Winter storms didn’t bother her in the least.
But graying hair absolutely
poisoned
her.
It took some effort to wrench the Bowie knife free of the skull. Once Borland had the weapon out, he held it before his full black eyes and sniffed. Pure silver. Just holding the lethal blade in such close proximity to his face made his jaws ache as if lit up by a tuning fork. Borland held the knife at arm’s length and snapped his fangs, not bothering to withdraw them and perversely
enjoying
how they extended over his human jowls. Going half shape instead of a full-on transformation took many, many years to learn, but with a little concentration, a little willpower, he’d learned how to maintain his biped form while summoning the wolf inside. Something that the Elders probably didn’t want him to do, or have the others find out about.
Or anyone, for that matter.
The first time he effected the partial change, he actually gauged his success by feeling and studying his reflection in the bedroom mirror, smiling at the fright framed in glass. It took even more strenuous practice to change only parts of his body. The strength and power that came with the limited change was almost as seductive as if he’d completely gone over. Almost.
But Borland preferred being man-shaped at times like these. Even though he was nowhere near as fast or strong as a fully transformed werewolf, he was still faster than one in its man suit, and certainly much stronger.
As Blackbeard had discovered.
Borland hissed through fangs at his dead visitor. The
second
werewolf sent his way. He had no doubt that a third would be coming. Perhaps even more. That thought made Borland wrinkle his nose. More visitors. More disturbances. Not even the Elders could ignore this now. All Borland ever wanted was to be left alone. To die in peace. To die
his
way. But the Elders had their own ideas of how old wolves like him should exit the world. Cleaner, less newsworthy ways. Borland didn’t want that; he just wanted to run through the wild one last time and let the wolf free, to do as it would. Damn the consequences.
He knew the Elders wouldn’t allow that. Thus, they sent the wardens.
The wardens. Every territory had at least one guardian, depending on its size. Newfoundland had a pair.

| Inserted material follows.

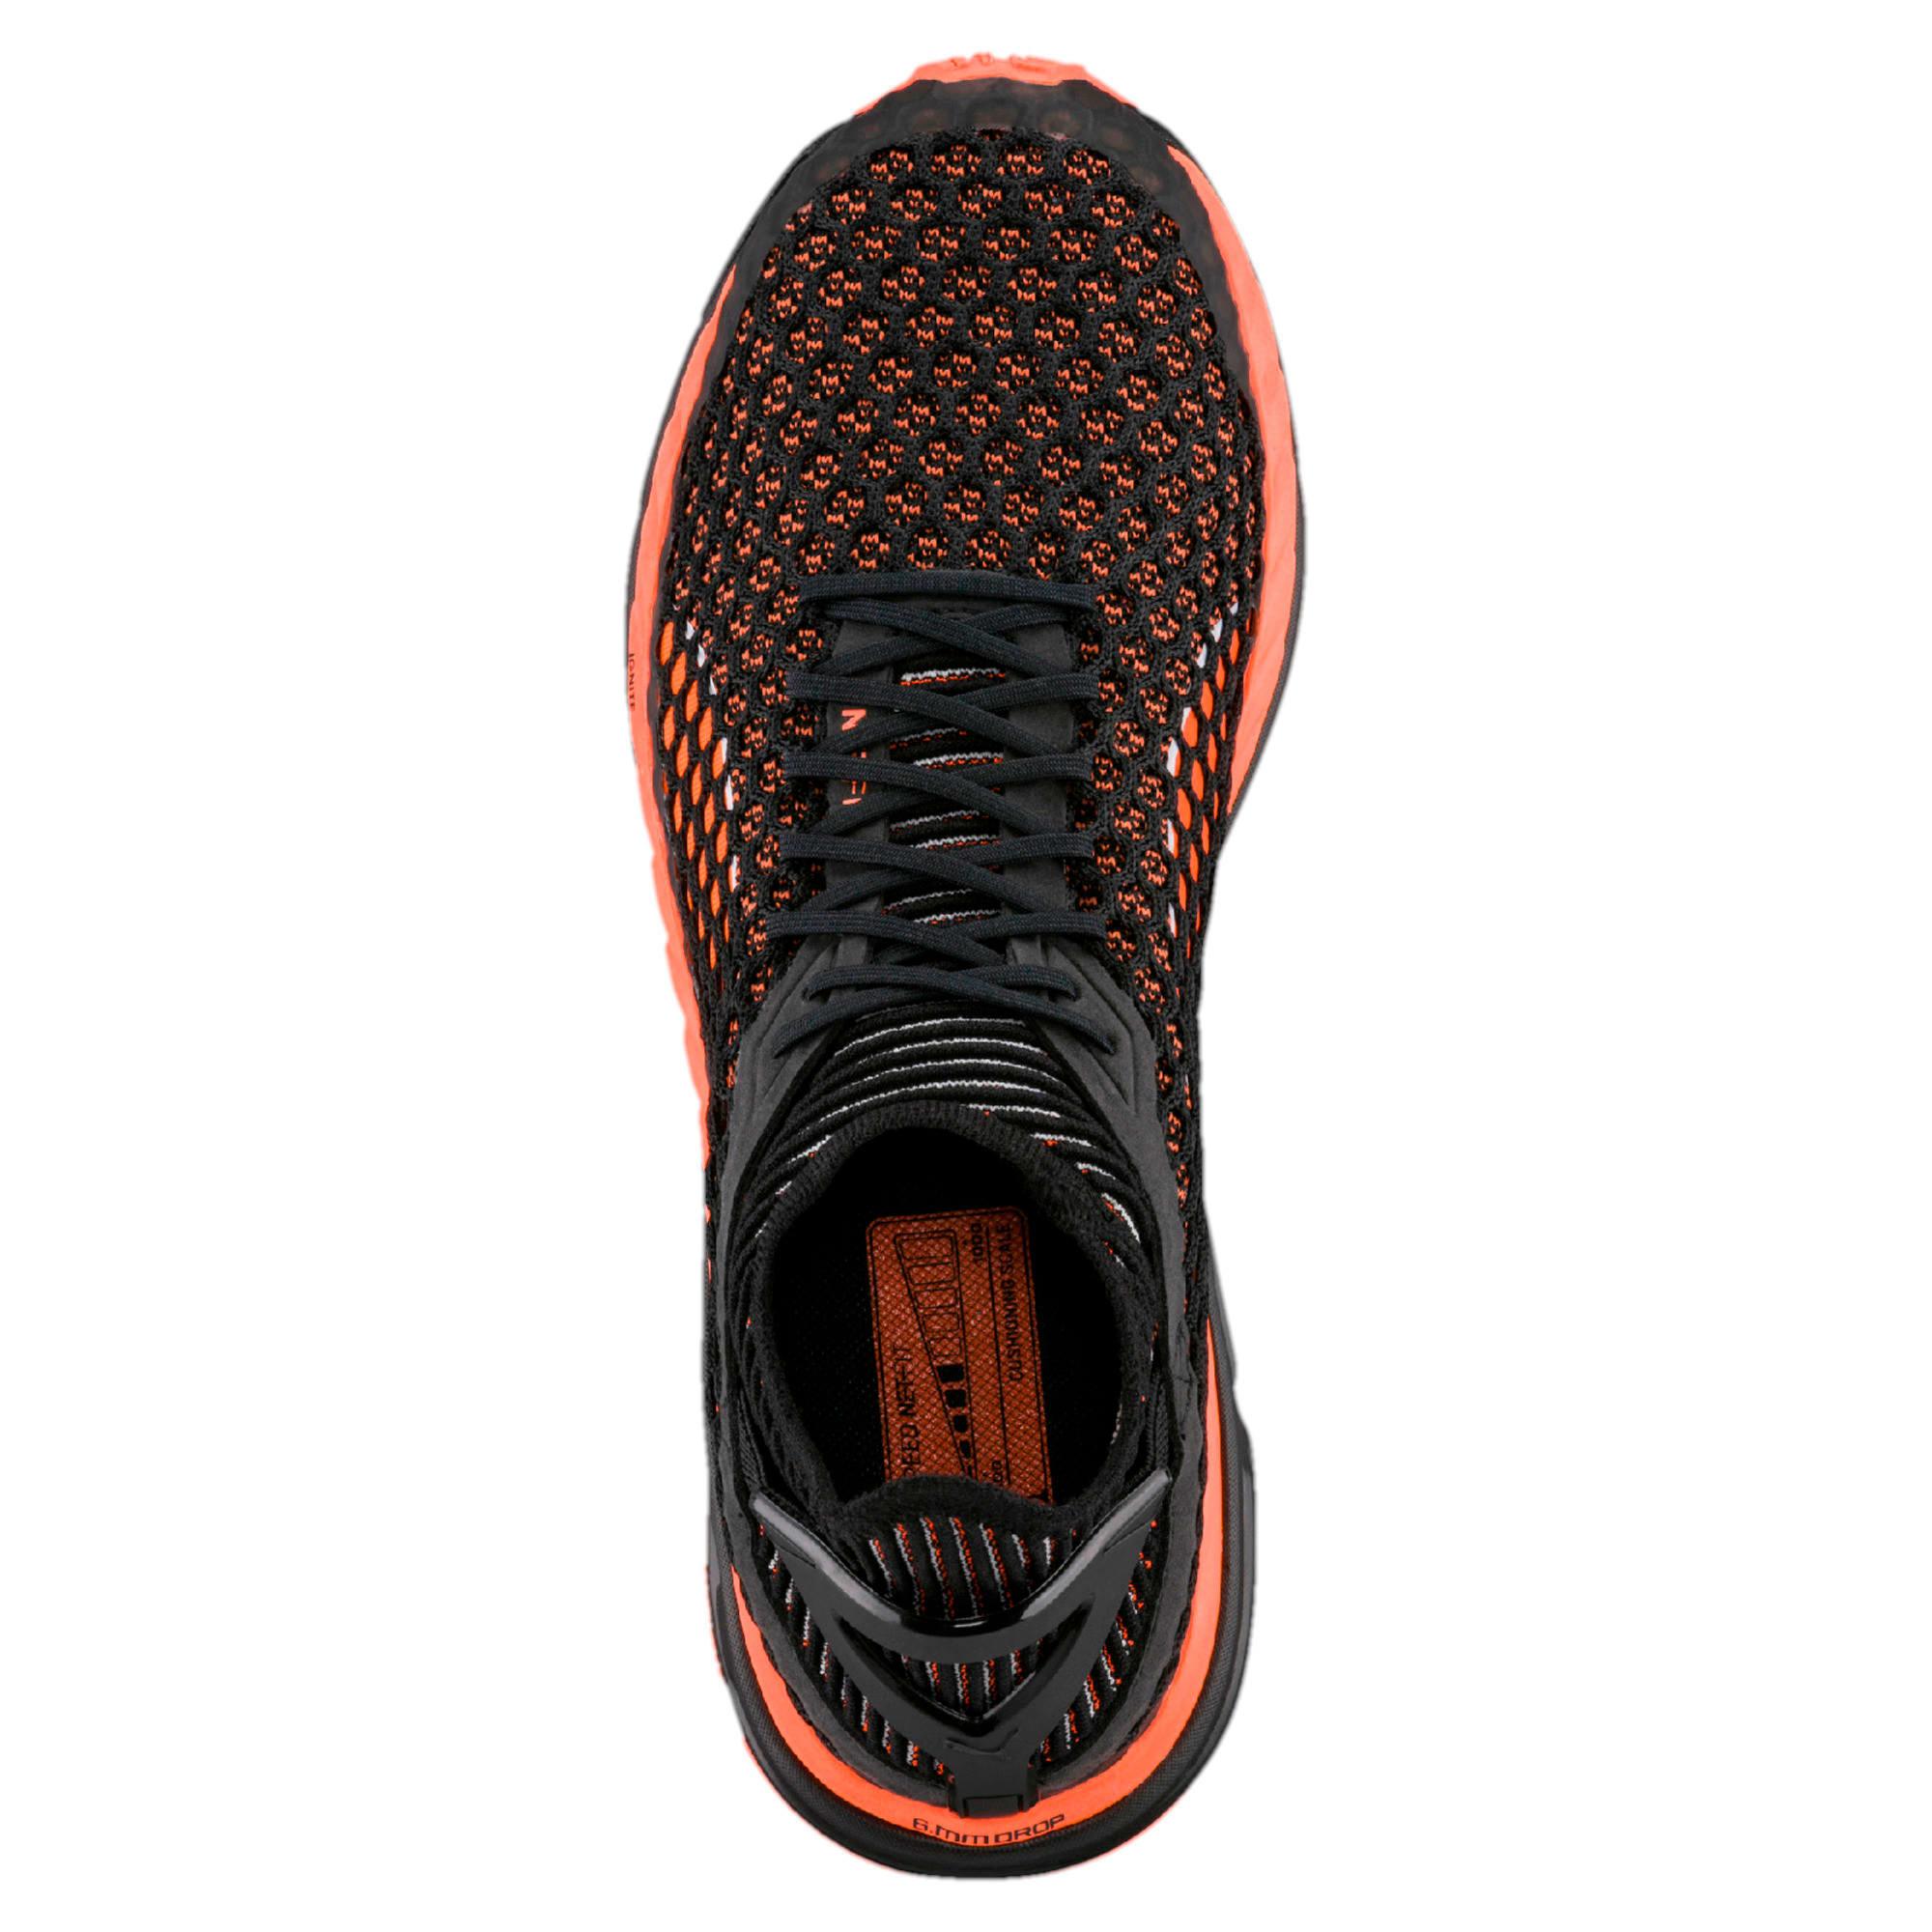 Thumbnail 5 of Speed IGNITE NETFIT Men's Running Shoes, Black-Shocking Orange-White, medium-IND

Borland regarded the dead form on his floor. Now the island had only him. This warden had been sent in response to the initial killer the Elders had dispatched to put the rebellious cur down quietly. Probably lied to. Probably was told Borland had gone crazy and butchered one of their own for no reason other than to satisfy a maddening bloodlust. The Elders would make up any story they liked to rally the troops, and they would send another warden with orders to kill him. That thought made Borland snarl at the cold air within his cabin, frustrated and ever so hateful of the lies and bureaucracy of his own kind. He despised their measured, conservative ways of attempting to exist behind a veil of untruths and subterfuge, beneath the human stock which they were far superior to in any form. The wolves of Borland’s father’s time would not tolerate the shit messages and forked tongued preachings being cultivated and spread across the territories. They’d rip the throats out of the speakers.